» **Data extract**
══════════════════════════════
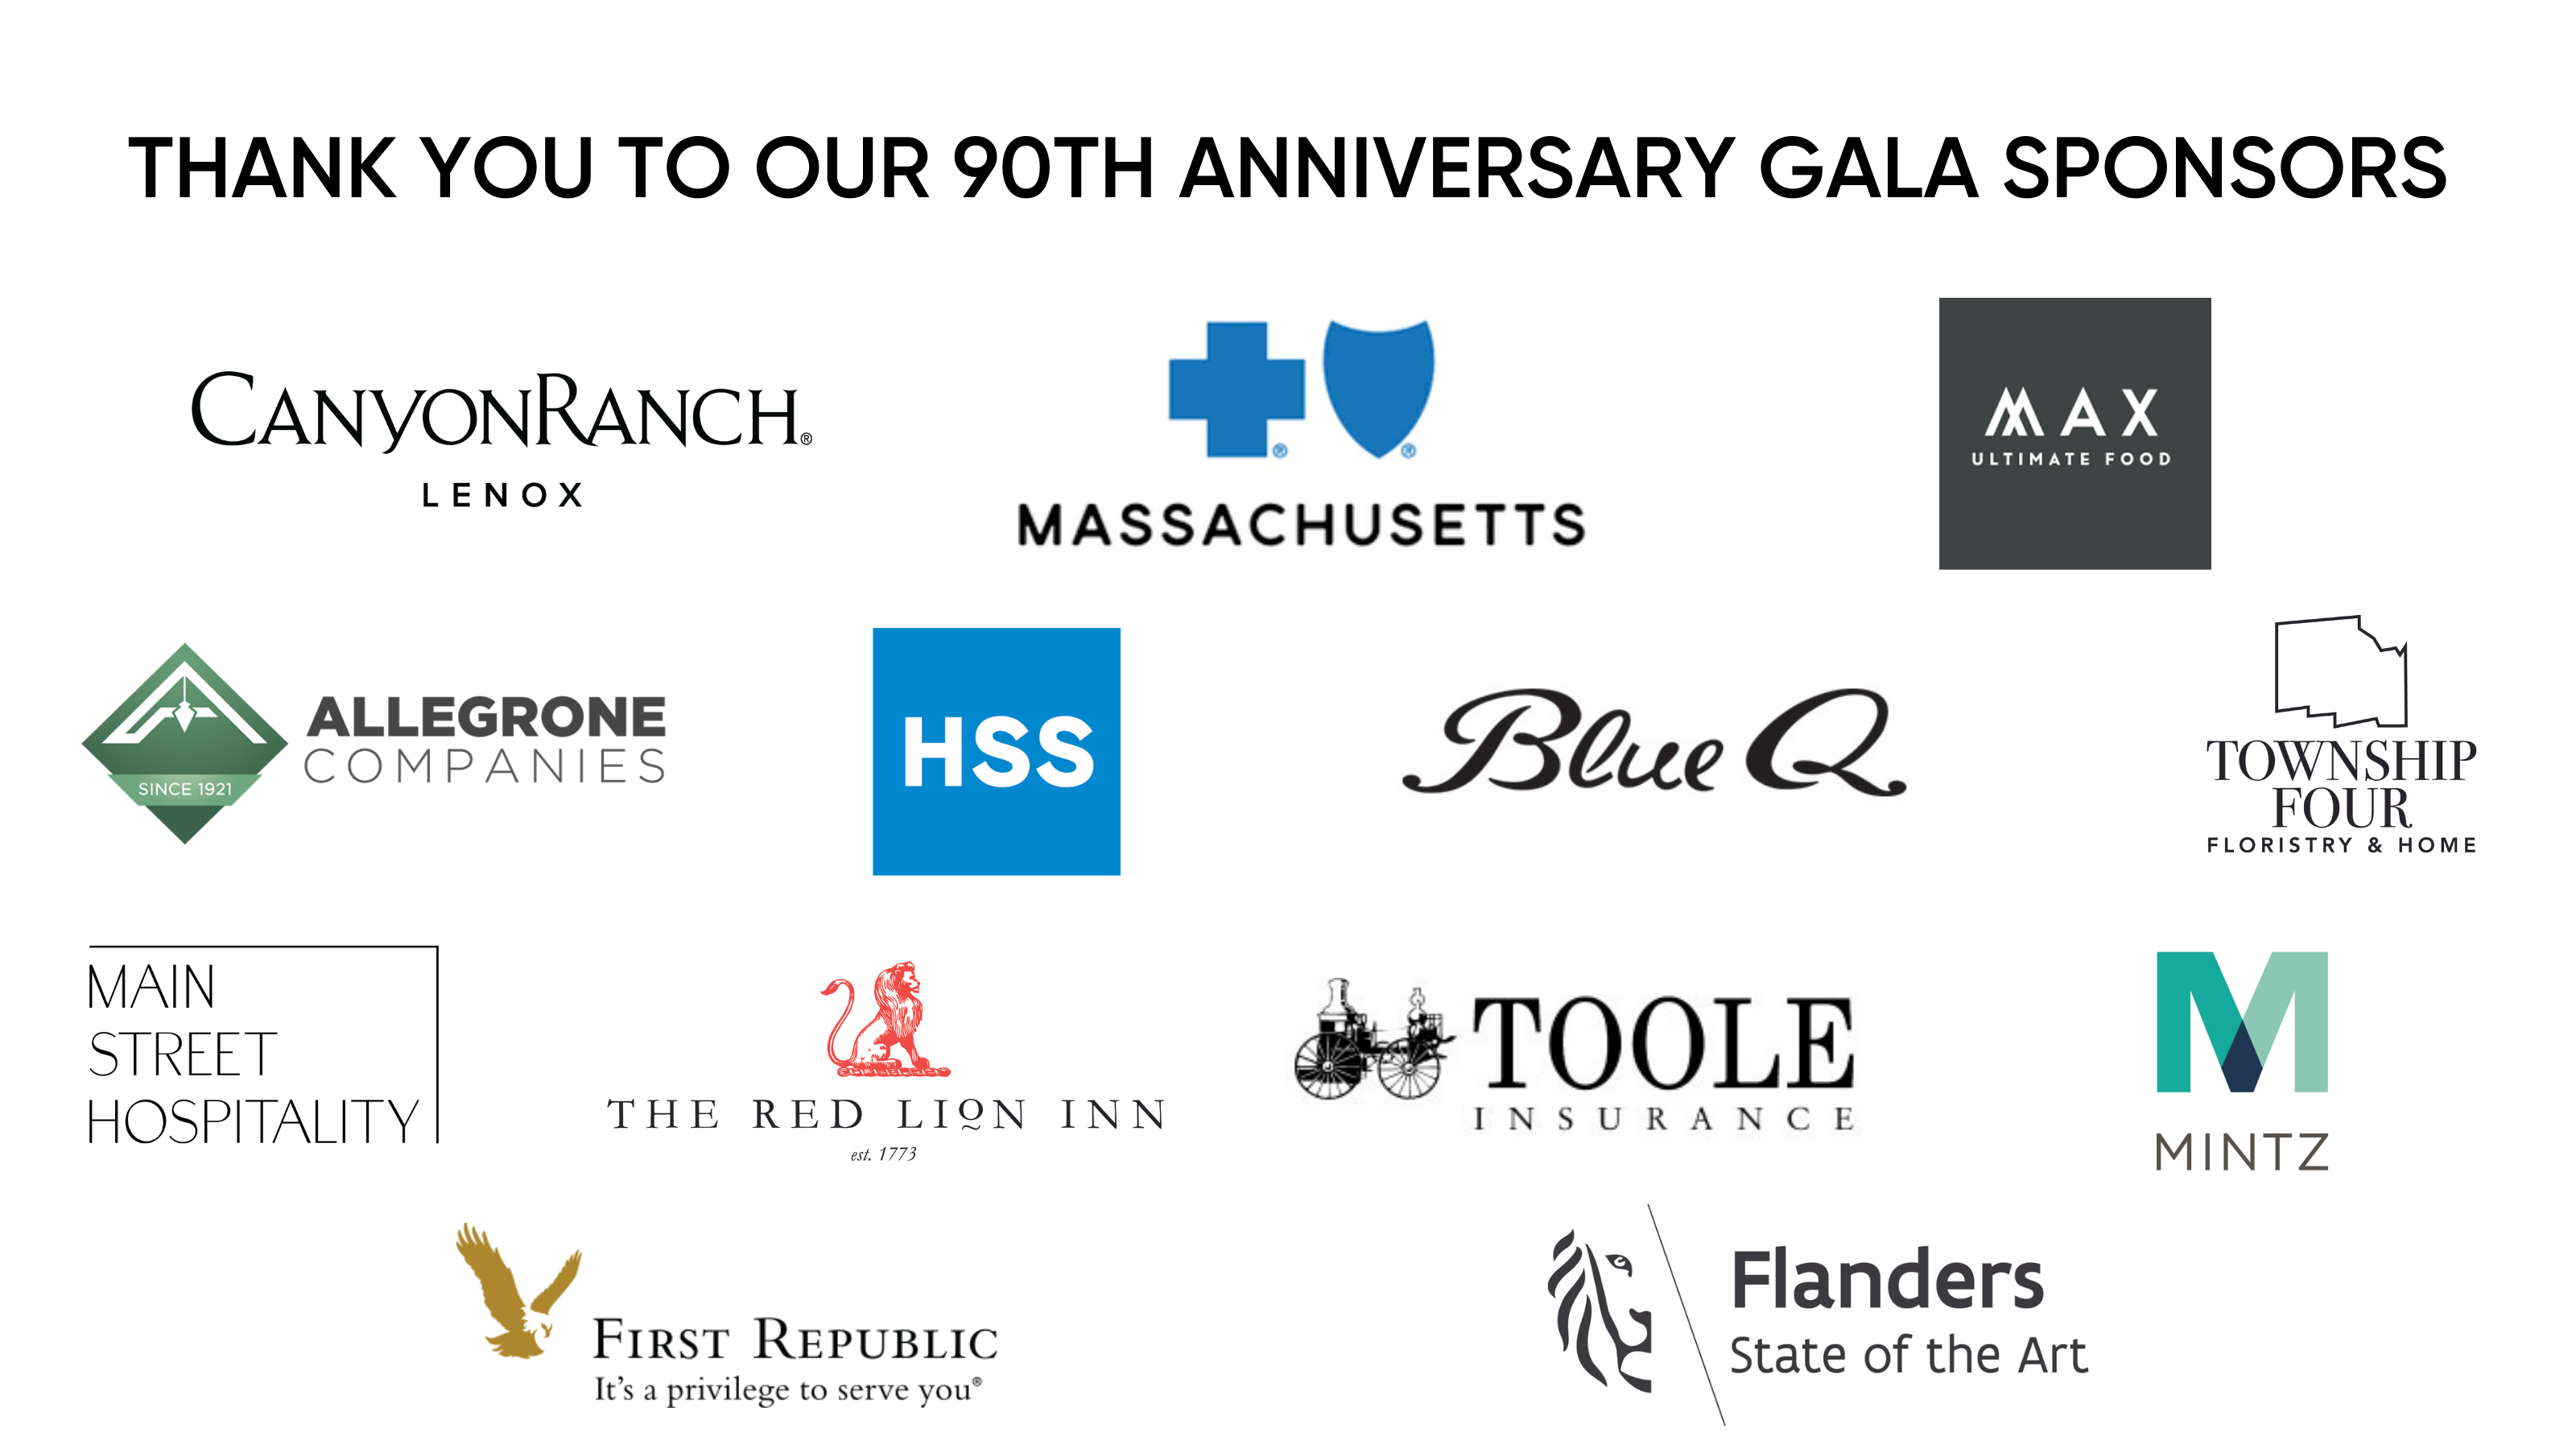 Grid of Gala sponsors with logos of Canyon Ranch, Blue Cross Blue Shield Massachusetts, Max Ultimate Food, Allegrone Companies, HSS, Blue Q, Township Four, Main Street Hospitality, The Red Lion Inn, Toole Insurance, Mintz, First Republic, and Flanders
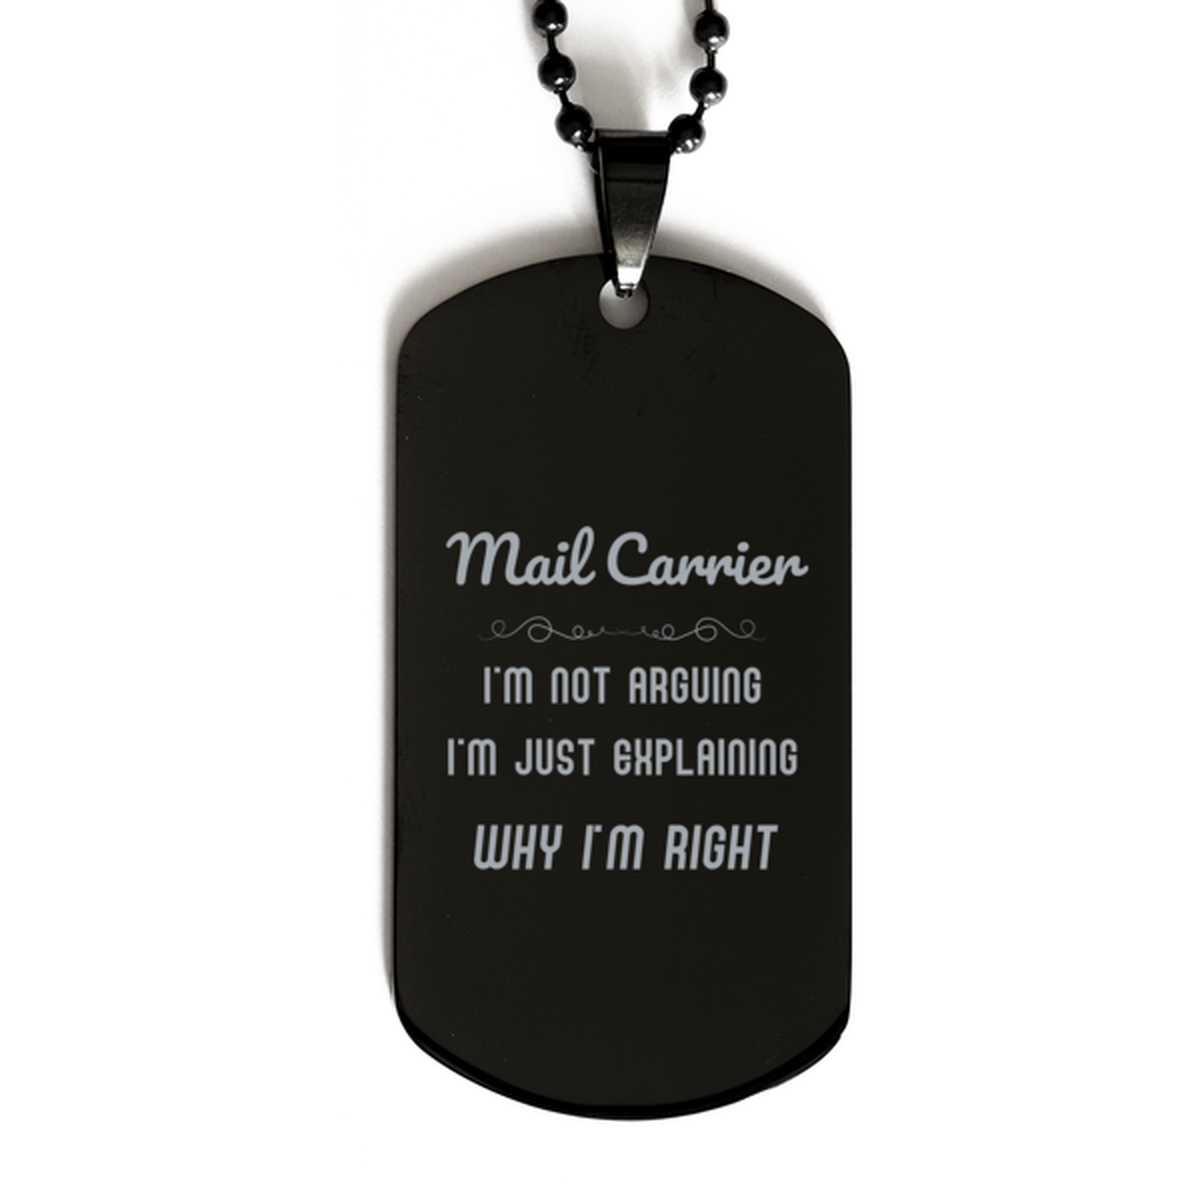 Mail Carrier I'm not Arguing. I'm Just Explaining Why I'm RIGHT Black Dog Tag, Funny Saying Quote Mail Carrier Gifts For Mail Carrier Graduation Birthday Christmas Gifts for Men Women Coworker
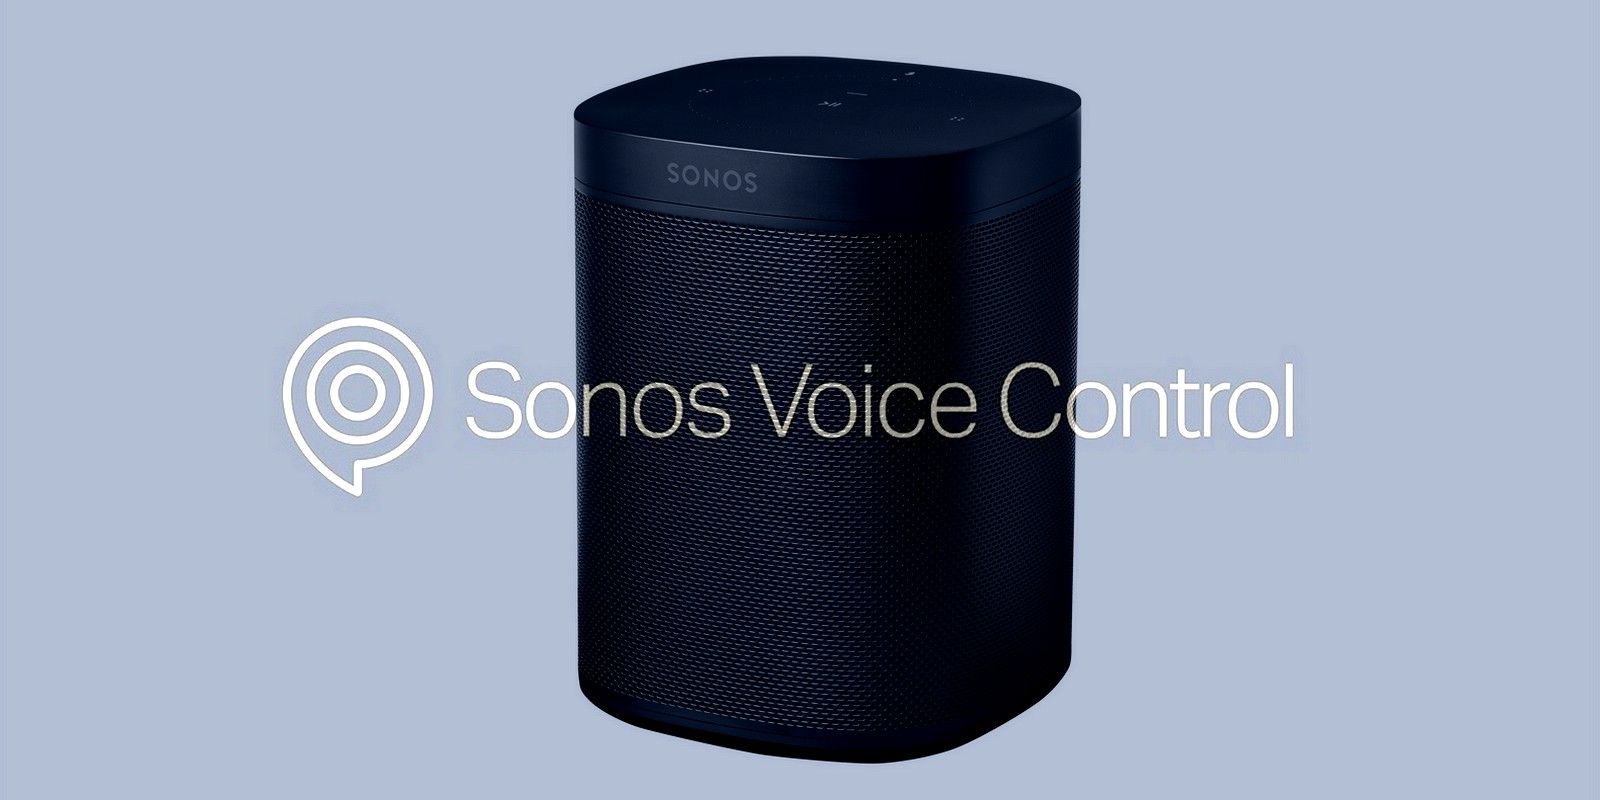 Sonos Voice Control: How To Set Up & Use The Voice Assistant
══════════════════════════════
» **Work required**
Take the line containing "Mail Carrier I'm" and every line after it up to the end of the data, and write them out exactly, without the pictures.

» **Answer for the task**
 Mail Carrier I'm not Arguing. I'm Just Explaining Why I'm RIGHT Black Dog Tag, Funny Saying Quote Mail Carrier Gifts For Mail Carrier Graduation Birthday Christmas Gifts for Men Women Coworker
 Sonos Voice Control: How To Set Up & Use The Voice Assistant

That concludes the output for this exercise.